A recent animal study by Decambron et al. evaluated the impact of adding BMP-2 to MSCs-coral tissue engineering construct (TEC). Despite insignificant results, an increased amount of newly formed bone and scaffold resorption was observed in BMP-MSC-TEC group [40]. The contradictory effects of the BMP on bone healing are explained by its stimulating effect to both osteoclasts and osteoblasts. In the presence of both cells, BMP will primarily activate the osteoclasts to promote bone resorption supporting osteoclastogenesis [45].

In several conditions, including being in a poorly vascularized environment, state of extensive tissue damage and inadequate nutrition transplanted stem cells cannot be predicted and would fail as a treatment. MSCs cannot work alone; they depend on the extracellular matrix, and they should be combined with an intercellular signal (osteoinductive) as well as neovascularization to sustain its viability. The BMP-2 has the strongest osteoinductive potency compared to other osteoinductive factors. It plays an essential role in the process of differentiation which starts from the differentiation of MSC into osteoprogenitor cells and subsequently become pre-osteoblast, and eventually the differentiation of osteoblast into osteocyte [46].

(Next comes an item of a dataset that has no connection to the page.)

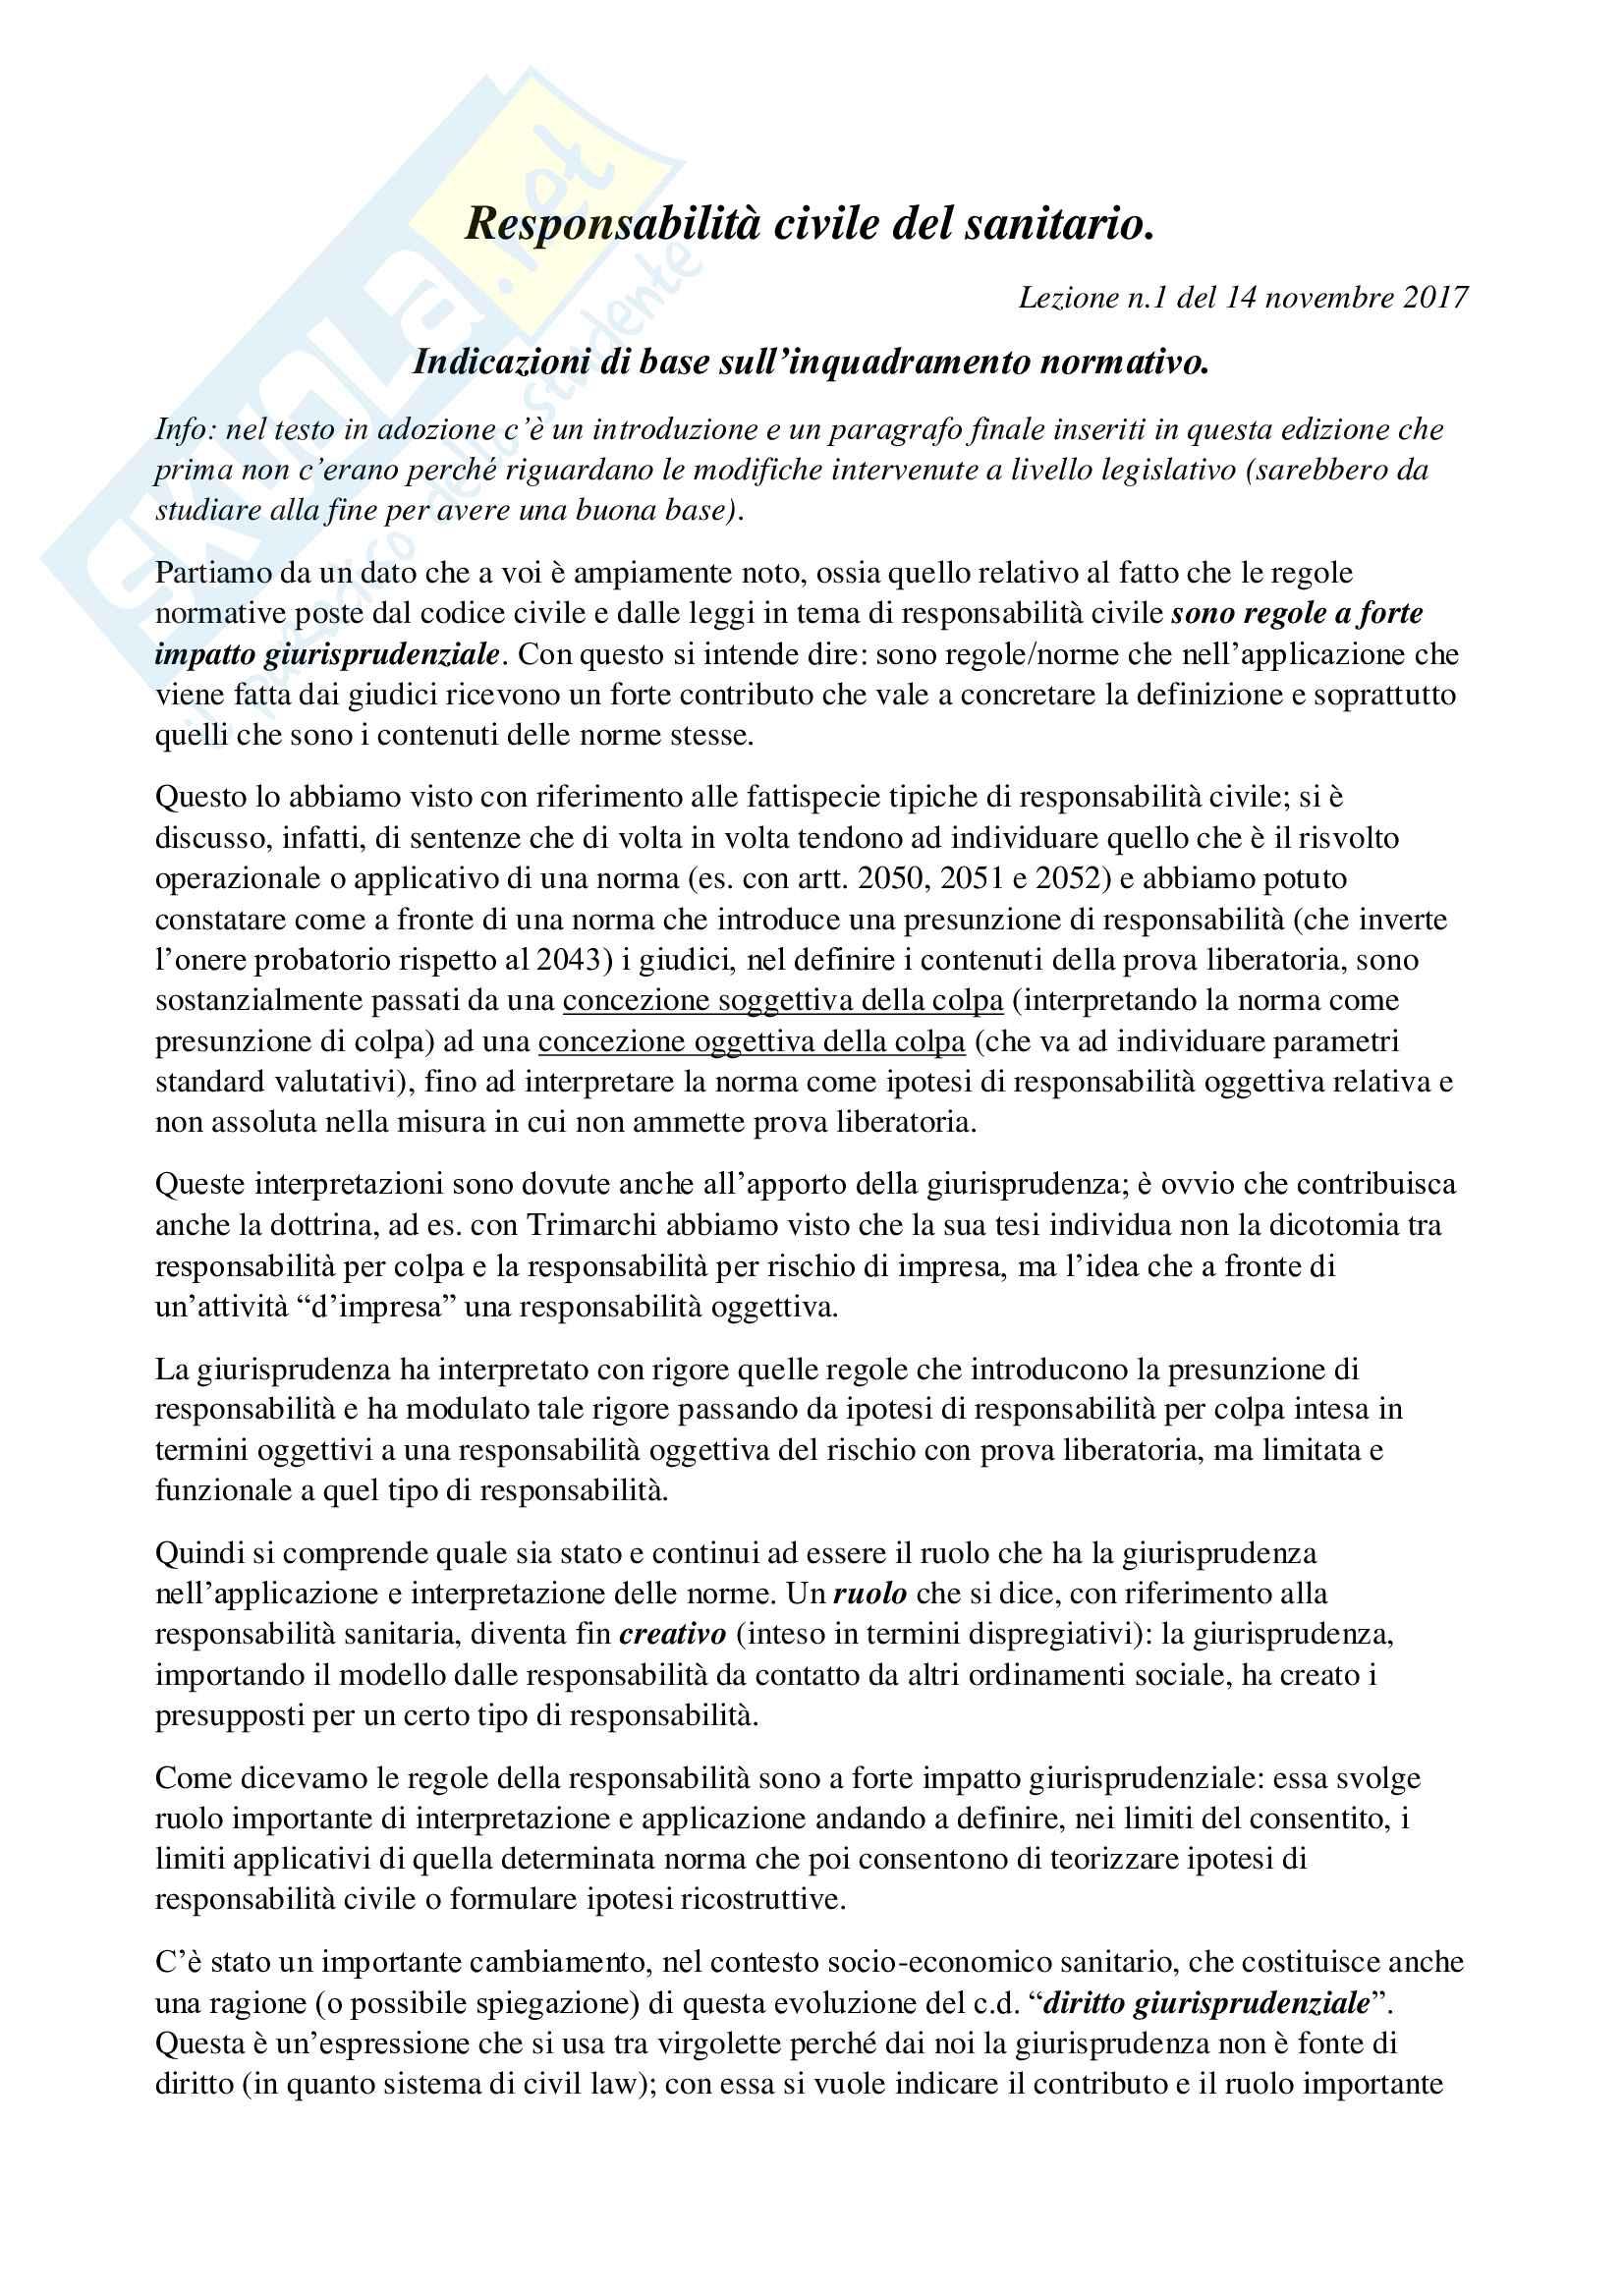 Responsabilità civile del sanitario, diritto civile

The findings in our study showed a promising result in promoting fracture healing and scaffold integration in the host bone. MSC-based tissue engineering construct may also avoid some drawbacks that are experienced by other treatment methods such as the limited number of graft/scaffold, requirement of multiple surgery or microvascular surgery, and long treatment duration that extremely relied on the patient compliance. There are several limitations in our study. The absence of control group may largely affect the results and conclusions of our study, as we could not evaluate the efficacy of each component separately. Our study only involved a small number of patients. These limitations highlighted that further studies, multicenter randomized controlled studies with larger samples, and longer follow-up duration are required to follow our translational study.

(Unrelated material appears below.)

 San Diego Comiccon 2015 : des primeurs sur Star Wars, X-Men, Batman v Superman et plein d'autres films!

Previously, we published a separated case report on a similar technique for reconstructing CSDs after osteofibrous dysplasia resection. The patient obtained complete union and significant functional improvements by 42 weeks, and the results were consistent after 84 weeks of follow-up [46]. This study further supports our in vitro study that the additional MSC injection to the scaffold would increase the potency of bone healing [27]. Aside from their effects on stimulation of the dormant local stem cells surrounding the fracture site by its paracrine effects, the induction of proliferation and proliferation of BM-MSCs into osteogenic cells (when implanted in the defect area) is more desired in CSDs.⁴⁷

The combination of autologous BM-MSCs, HA granules, and BMP-2 are safe and may serve as a good option for treating CSDs. Further multicenter randomized controlled trials are required to investigate the efficacy of this therapeutic combination.